Work to be completed: Write out the listing verbatim. No pictures belong in it.

Recorded data:
────────────────────────────────────────

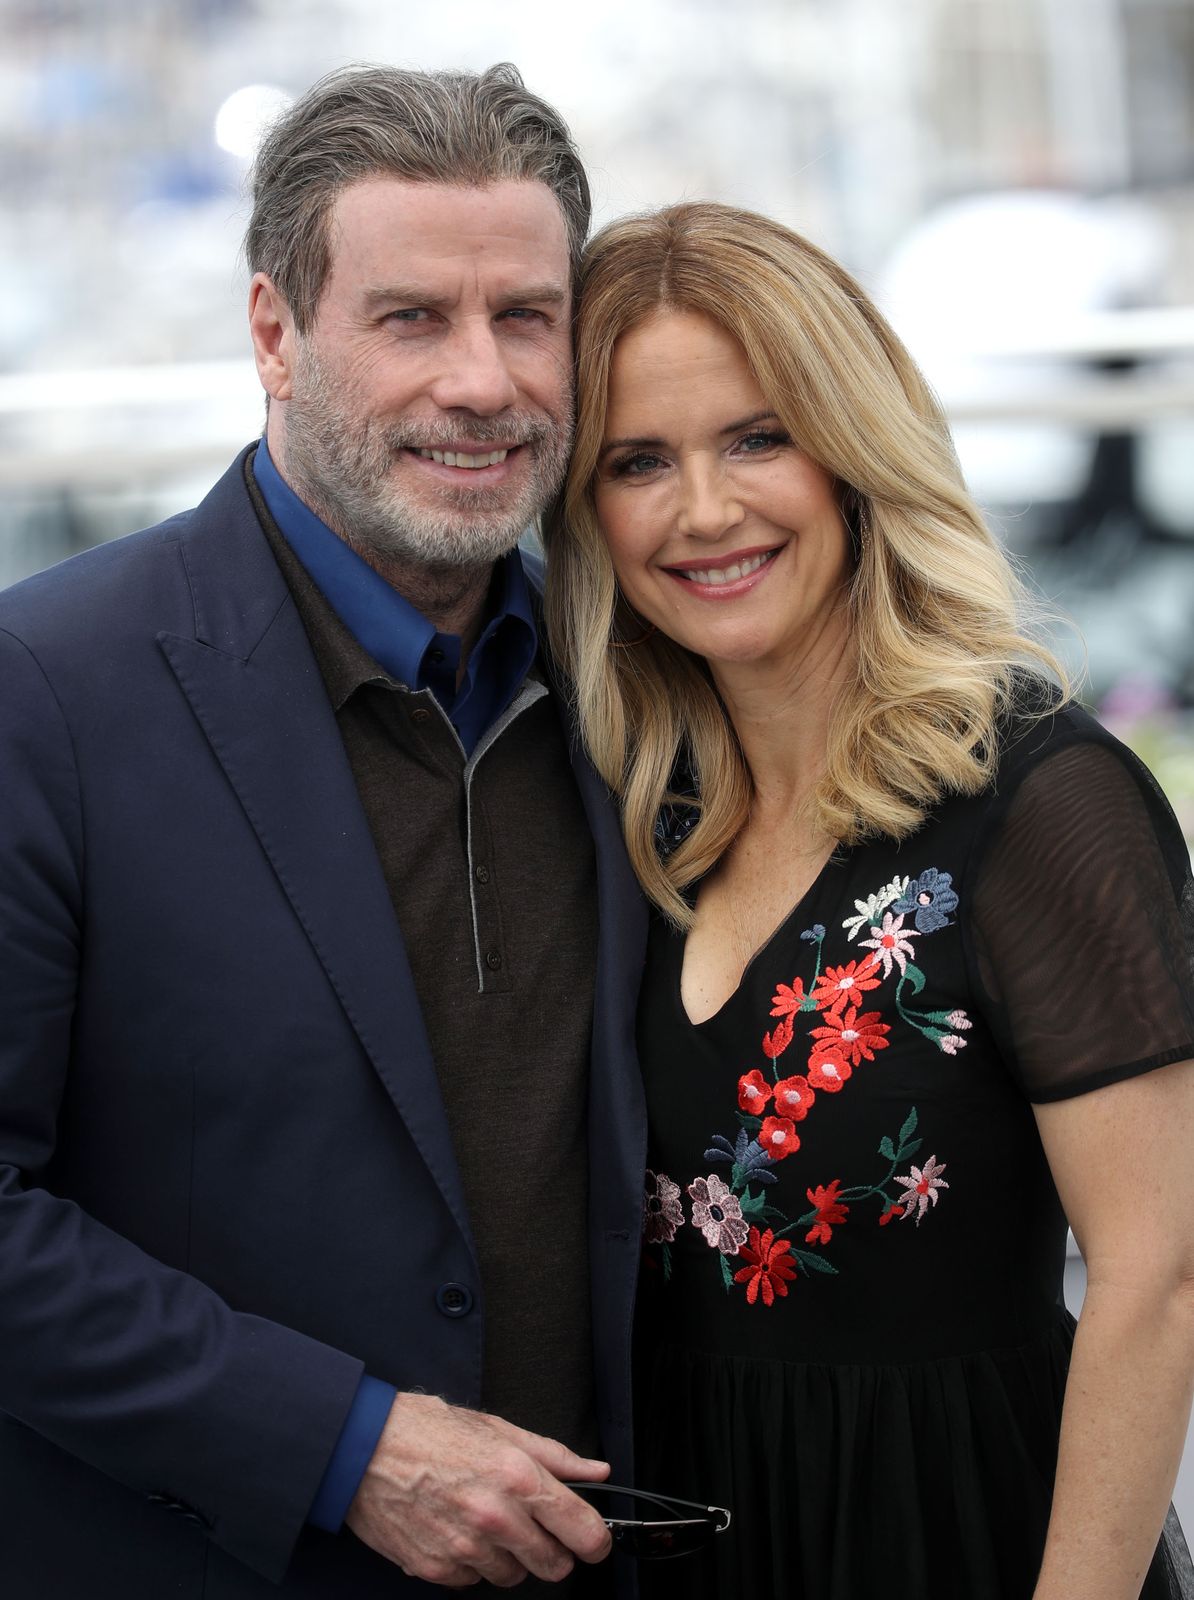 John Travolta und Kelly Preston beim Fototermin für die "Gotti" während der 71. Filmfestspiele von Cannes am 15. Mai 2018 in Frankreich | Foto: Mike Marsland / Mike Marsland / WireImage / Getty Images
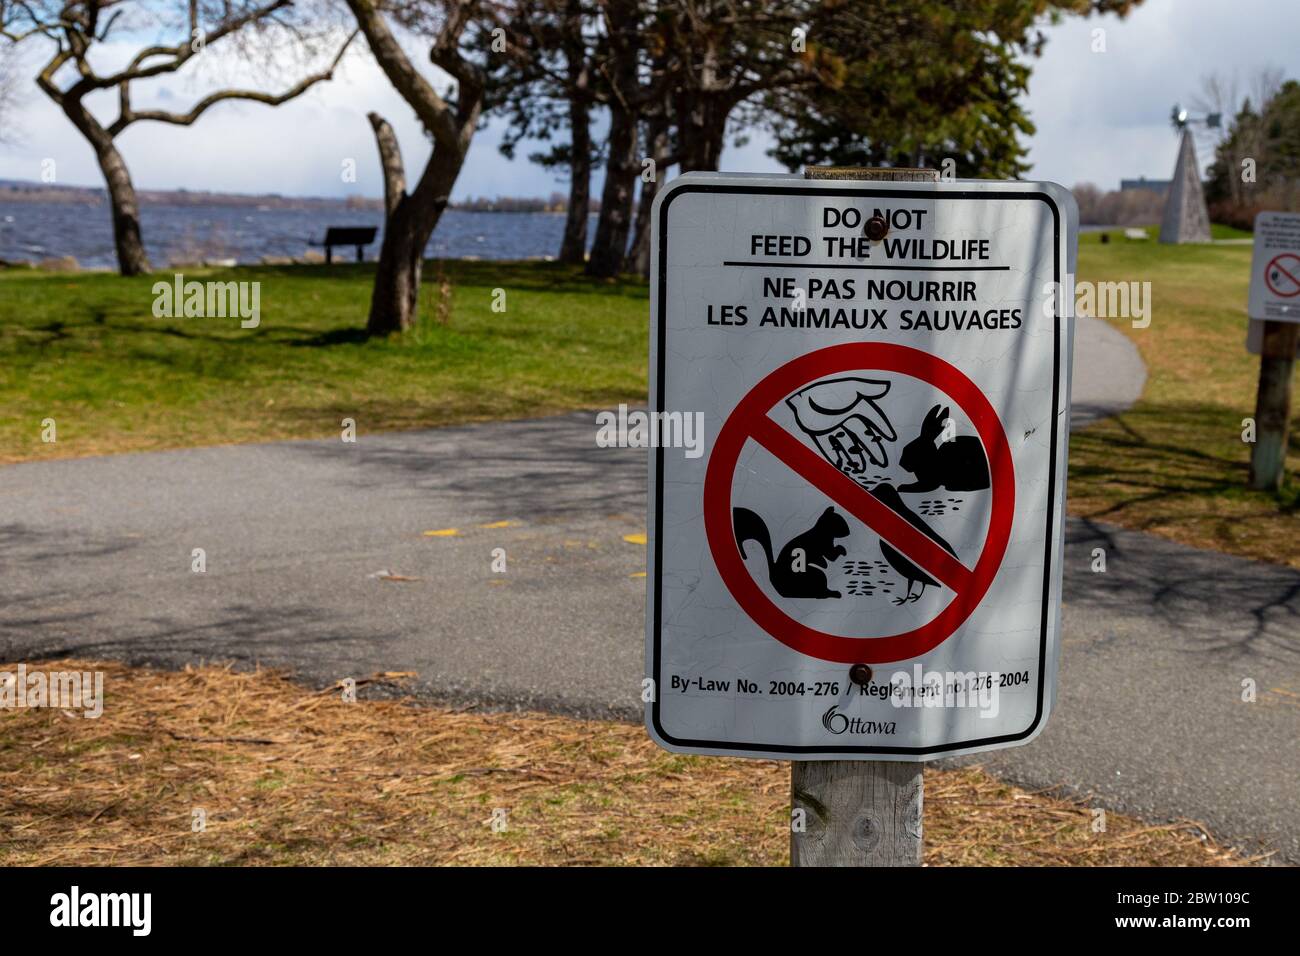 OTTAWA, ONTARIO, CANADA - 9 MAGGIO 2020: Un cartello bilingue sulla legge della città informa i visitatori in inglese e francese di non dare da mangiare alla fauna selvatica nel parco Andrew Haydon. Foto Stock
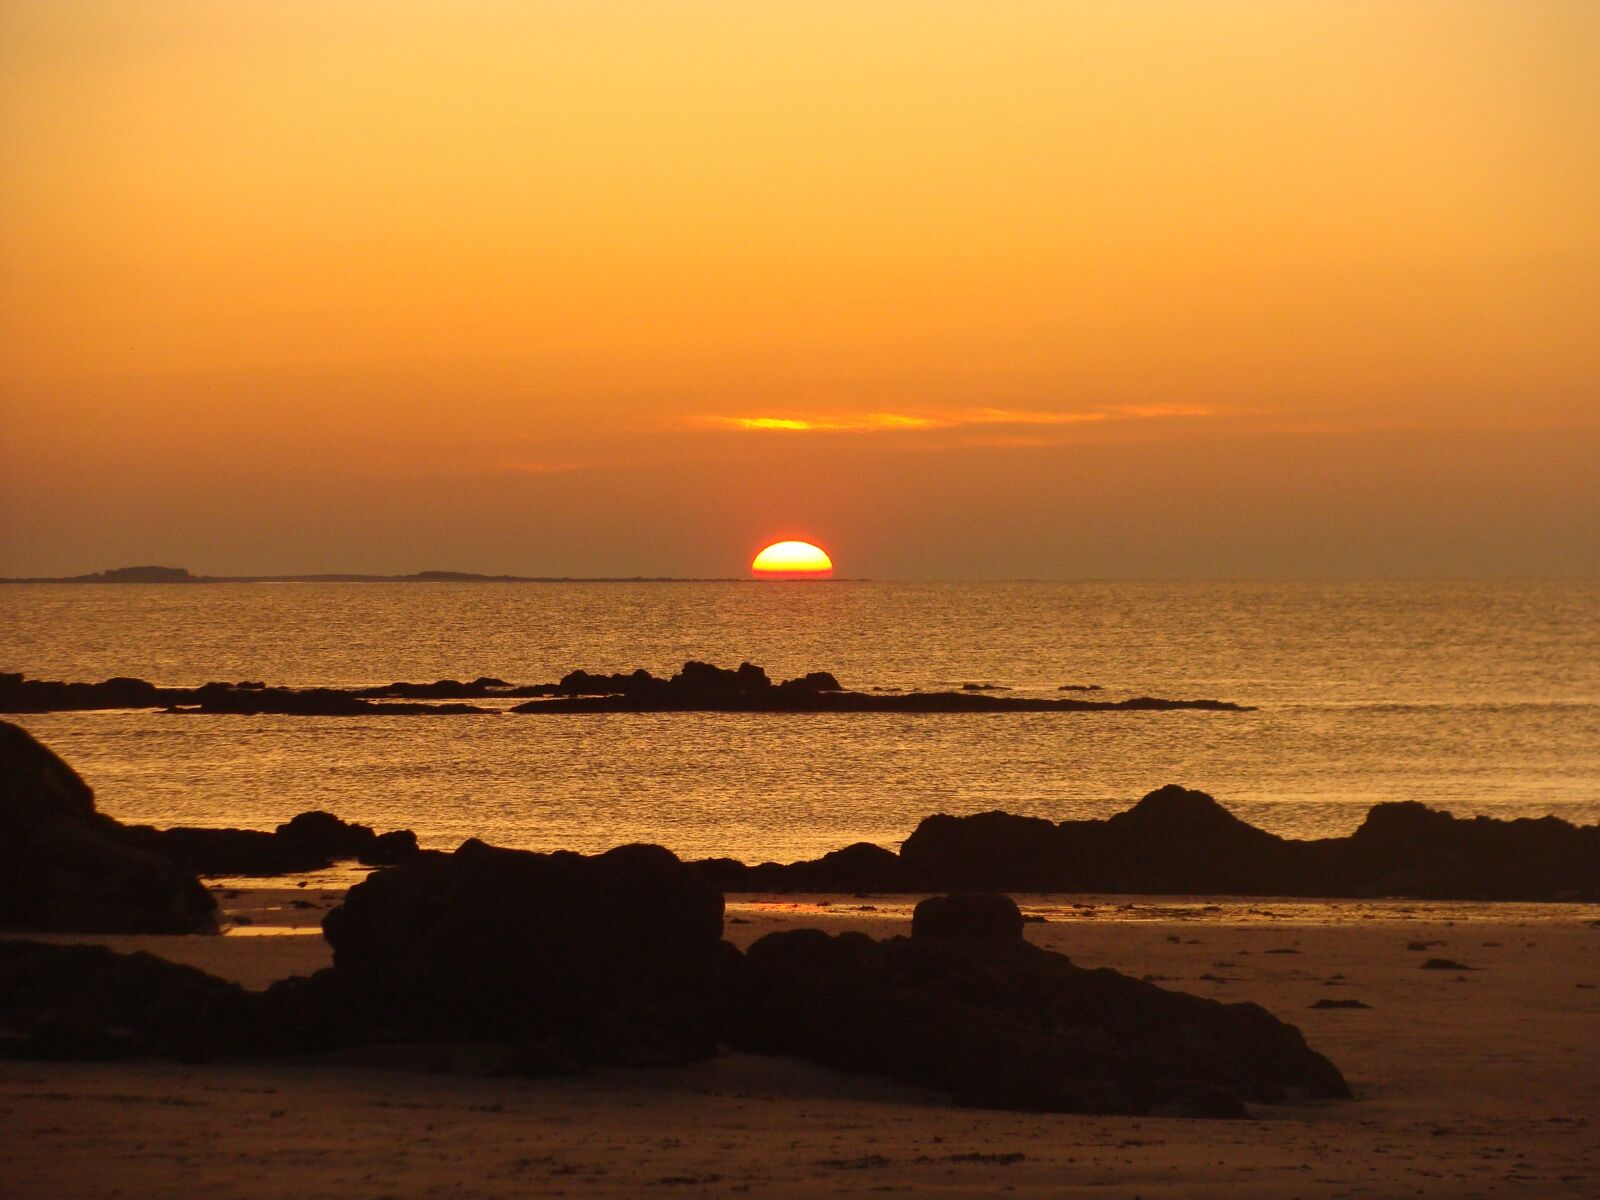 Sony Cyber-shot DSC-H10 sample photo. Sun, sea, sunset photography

────────────────────────────────────────

Your solution:
 John Travolta und Kelly Preston beim Fototermin für die "Gotti" während der 71. Filmfestspiele von Cannes am 15. Mai 2018 in Frankreich | Foto: Mike Marsland / Mike Marsland / WireImage / Getty Images
 OTTAWA, ONTARIO, CANADA - 9 MAGGIO 2020: Un cartello bilingue sulla legge della città informa i visitatori in inglese e francese di non dare da mangiare alla fauna selvatica nel parco Andrew Haydon. Foto Stock
 Sony Cyber-shot DSC-H10 sample photo. Sun, sea, sunset photography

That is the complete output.